Treatment of patients with human epidermal growth factor receptor 2 (HER2)–expressing tumors using the monoclonal antibody trastuzumab increases survival. The Affibody-based peptide nucleic acid (PNA)–mediated pretargeted radionuclide therapy has demonstrated efficacy against HER2-expressing xenografts in mice. Structural studies suggest that Affibody molecules and trastuzumab bind to different epitopes on HER2. The aim of this study was to test the hypothesis that a combination of PNA-mediated pretargeted radionuclide therapy and trastuzumab treatment of HER2-expressing xenografts can extend survival compared with monotherapies. Methods: Mutual interference of the primary pretargeting probe Z_HER2:342-SR-HP1 and trastuzumab in binding to HER2-expressing cell lines was investigated in vitro. Experimental therapy evaluated the survival of mice bearing HER2-expressing SKOV-3 xenografts after treatment with vehicle, trastuzumab only, pretargeting using Affibody-PNA chimera Z_HER2:342-SR-HP1 and complementary probe ¹⁷⁷Lu-HP2, and combination of trastuzumab and pretargeting.
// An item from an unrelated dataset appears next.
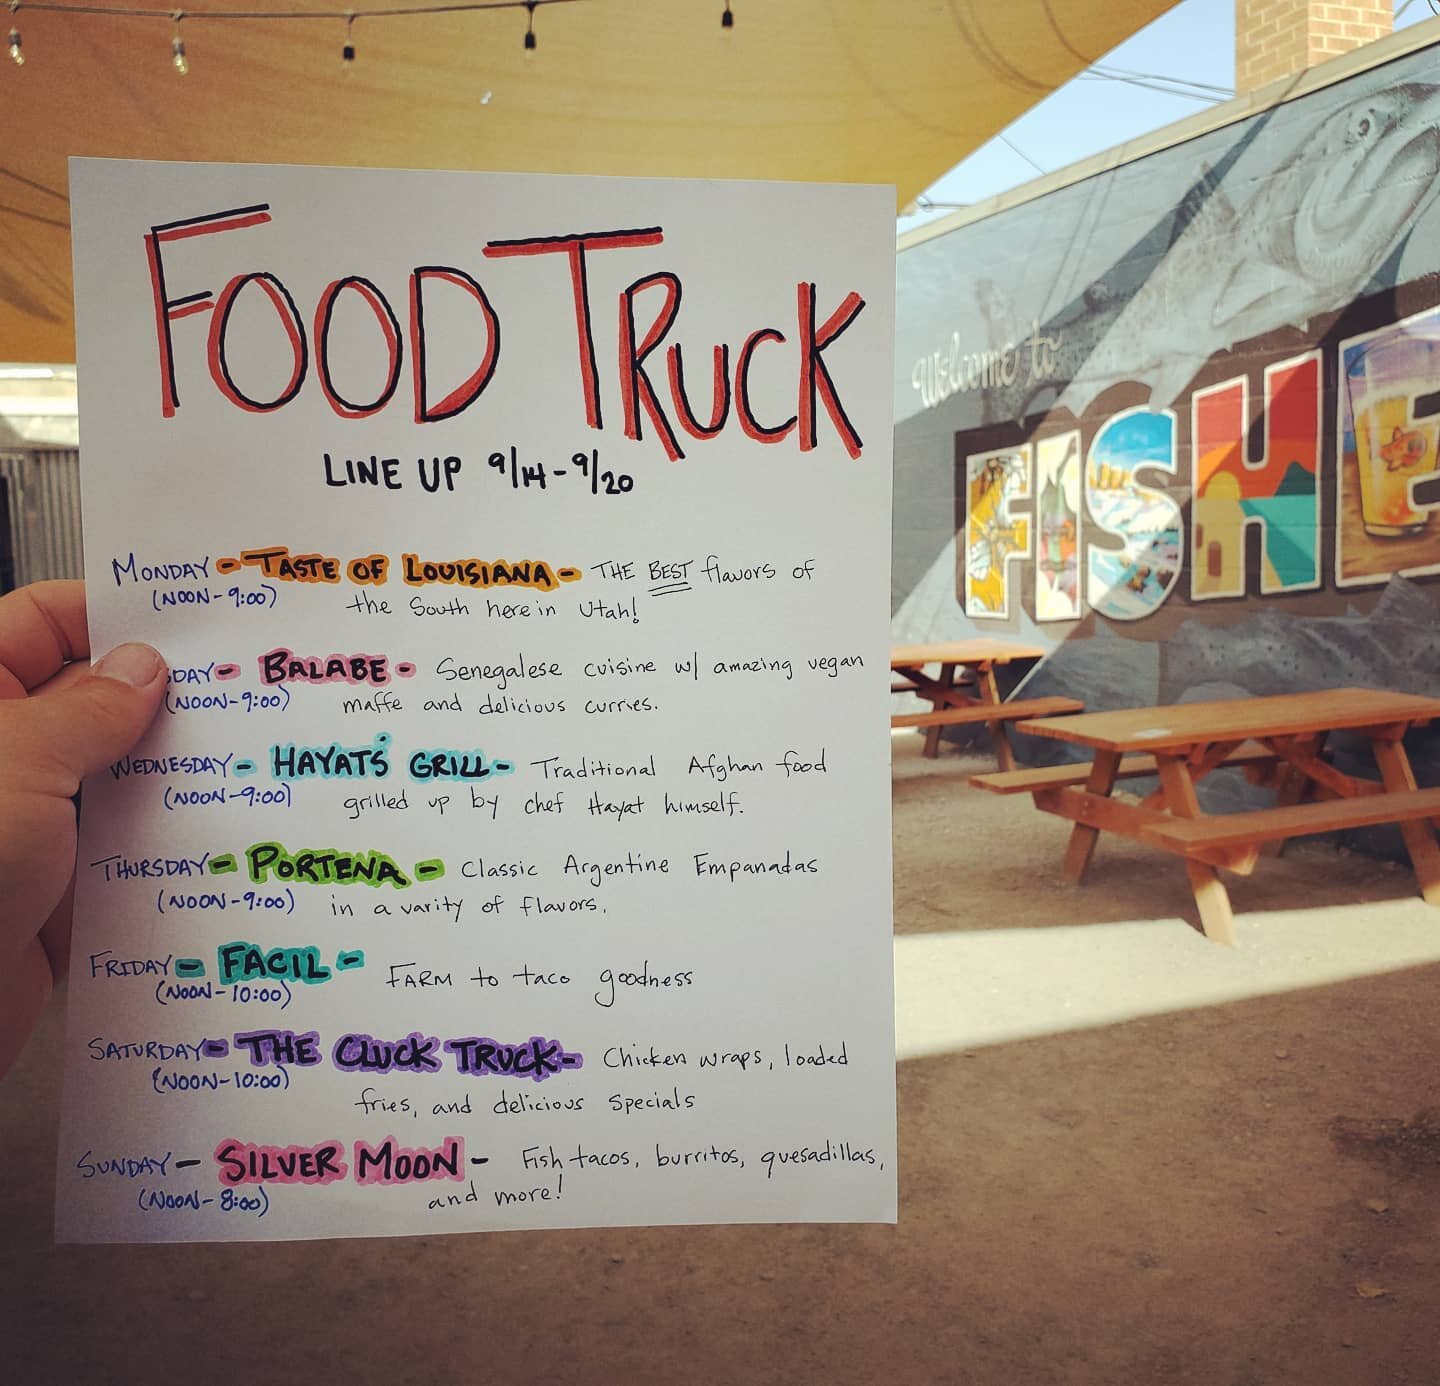 Happy Monday Fisher fans.  This week's food truck line up is packed with variety!  Look for the return of the Fisher Cerveza, Idaho Connection, a West Coast IPA, and hopefully the BEET SAISON this week 🤞  #foodtrucks #fisherbrewing #varietyisthespic

The ethical permit limited the study to 90 d. The animals’ weights were monitored during the study. After study termination, samples of liver and kidneys were evaluated by a veterinary pathologist for toxicity signs. Results: The presence of a large molar excess of trastuzumab had no influence on the affinity of Z_HER2:342-SR-HP1 binding to HER2-expressing cells in vitro. The affinity of trastuzumab was not affected by a large excess of Z_HER2:342-SR-HP1. The median survival of mice treated with trastuzumab (75.5 d) was significantly longer than the survival of mice treated with a vehicle (59.5 d). Median survival of mice treated with pretargeting was not reached by day 90. Six mice of 10 in this group survived, and 2 had complete remission. All mice in the combination treatment group survived, and tumors in 7 mice had disappeared at study termination. There was no significant difference between animal weights in the different treatment groups. No significant pathologic alterations were detected in livers and kidneys of treated animals. Conclusion: Treatment of mice bearing HER2-expressing xenografts with the combination of trastuzumab and Affibody-mediated PNA-based radionuclide pretargeting significantly increased survival compared with monotherapies. Cotreatment was not toxic for normal tissues.

使用单克隆抗体曲妥珠单抗治疗表达人表皮生长因子受体 2 (HER2) 的肿瘤患者可提高生存率。基于亲和体的肽核酸 (PNA) 介导的预靶向放射性核素疗法已证明对小鼠中表达 HER2 的异种移植物有效。结构研究表明 Affibody 分子和曲妥珠单抗结合 HER2 上的不同表位。本研究的目的是检验这样一个假设，即与单一疗法相比，PNA 介导的预靶向放射性核素疗法和曲妥珠单抗疗法联合治疗表达 HER2 的异种移植物可以延长生存期。方法：主要预靶向探针 Z _HER2:342 -SR- HP1的相互干扰在体外研究了曲妥珠单抗与 HER2 表达细胞系的结合。实验疗法评估了携带表达 HER2 的 SKOV-3 异种移植物的小鼠在使用载体、仅曲妥珠单抗、使用 Affibody-PNA 嵌合体 Z _HER2:342 -SR- HP1和互补探针¹⁷⁷ Lu - HP2以及曲妥珠单抗和曲妥珠单抗的组合进行预靶向治疗后的存活率预定位。伦理许可将研究限制为 90 天。在研究期间监测动物的体重。研究终止后，由兽医病理学家评估肝脏和肾脏样本的毒性迹象。结果：存在大量摩尔过量的曲妥珠单抗对 Z _HER2:342的亲和力没有影响-SR- HP1在体外与 HER2 表达细胞结合。曲妥珠单抗的亲和力不受大量过量的 Z _HER2:342 -SR- HP1的影响。用曲妥珠单抗治疗的小鼠的中位生存期（75.5 天）明显长于用载体治疗的小鼠的生存期（59.5 天）。到第 90 天时，接受预靶向治疗的小鼠的中位生存期未达到。该组中的 10 只小鼠中有 6 只存活下来，其中 2 只完全缓解。联合治疗组的所有小鼠均存活，7 只小鼠的肿瘤在研究结束时消失。不同处理组的动物体重之间没有显着差异。在接受治疗的动物的肝脏和肾脏中未检测到明显的病理改变。结论：与单一疗法相比，使用曲妥珠单抗和 Affibody 介导的基于 PNA 的放射性核素预靶向联合治疗携带 HER2 表达异种移植物的小鼠可显着提高存活率。共同治疗对正常组织没有毒性。